Task item | For this exercise, return only the lines in the records below from the one holding "East Africa you" through the one holding "Arsenal | Nick", including both, exactly as they appear and without pictures.

Provided material |
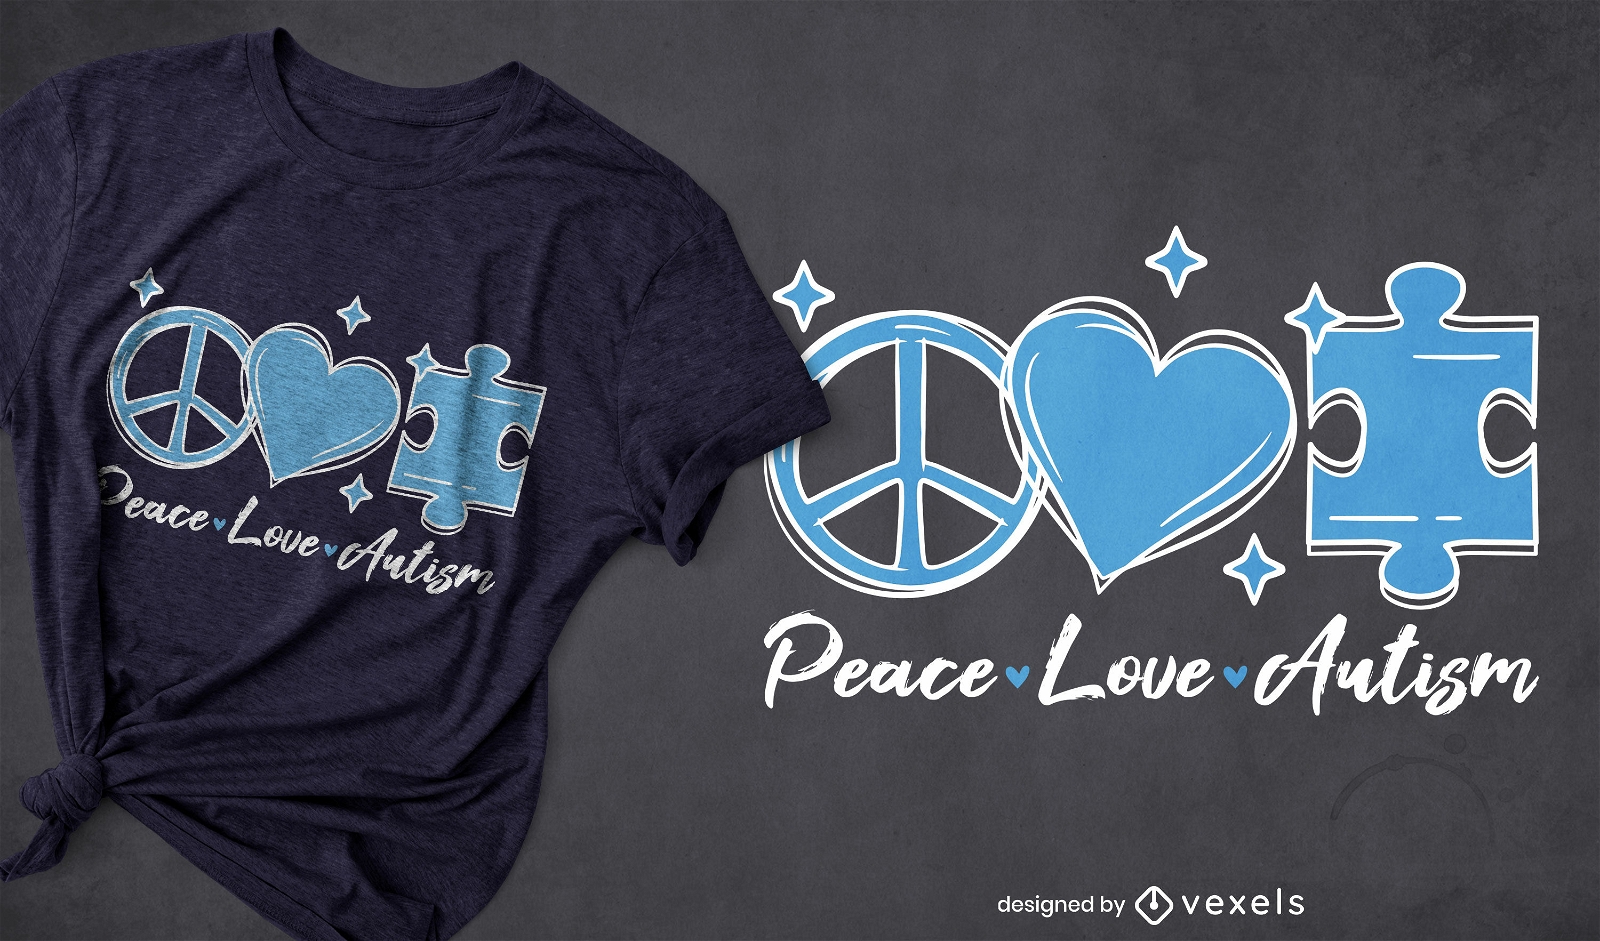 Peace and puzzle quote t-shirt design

==

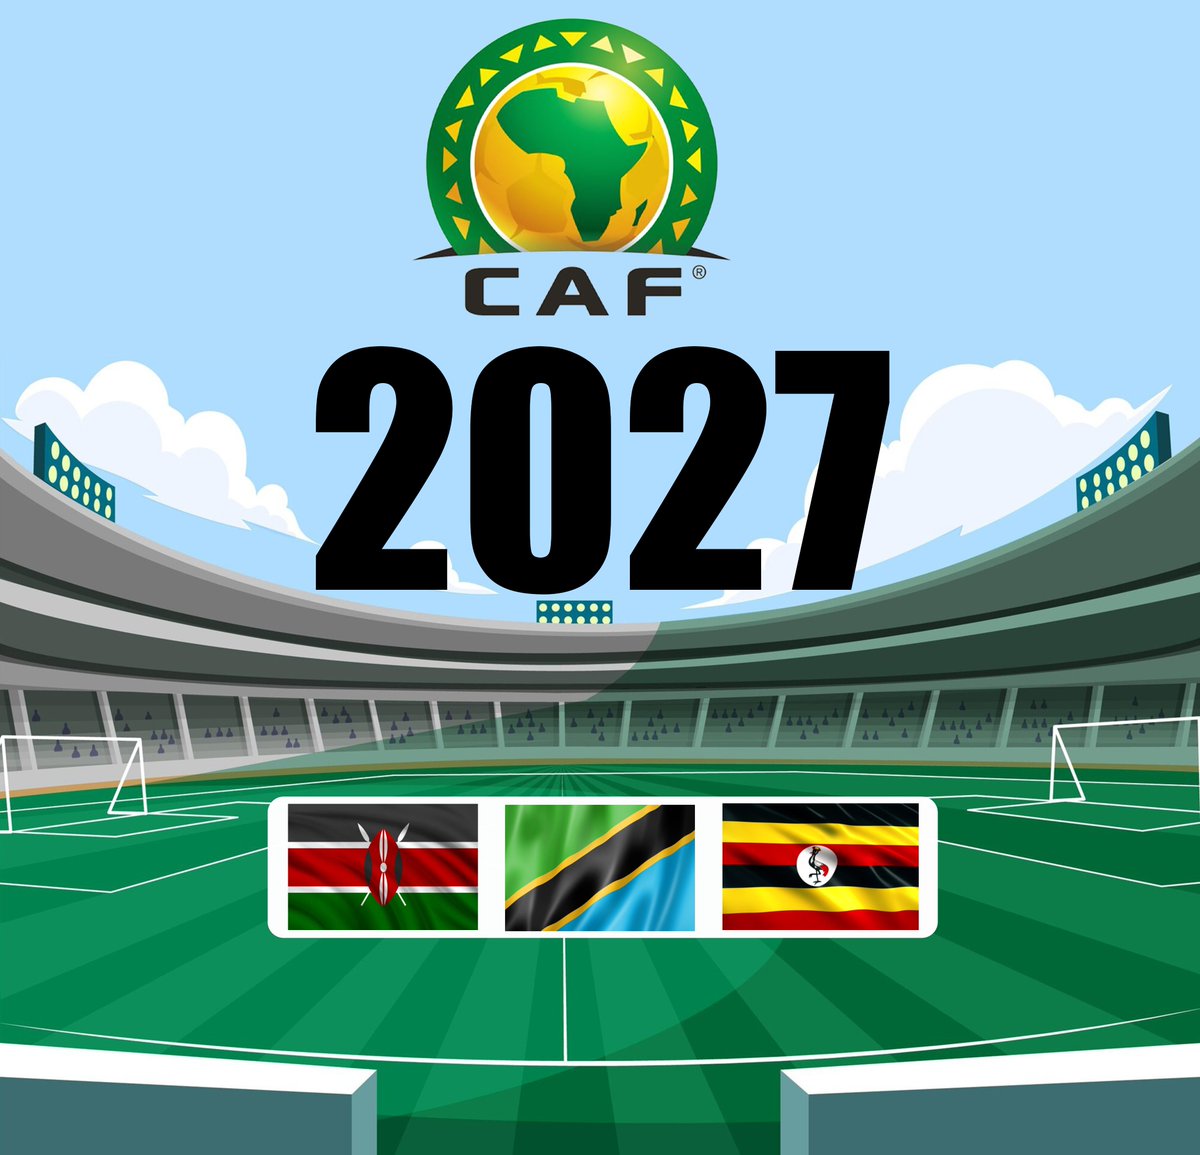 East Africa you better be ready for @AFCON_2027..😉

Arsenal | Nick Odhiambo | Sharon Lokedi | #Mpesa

Exercise solution |
 East Africa you better be ready for @AFCON_2027..😉

Arsenal | Nick Odhiambo | Sharon Lokedi | #Mpesa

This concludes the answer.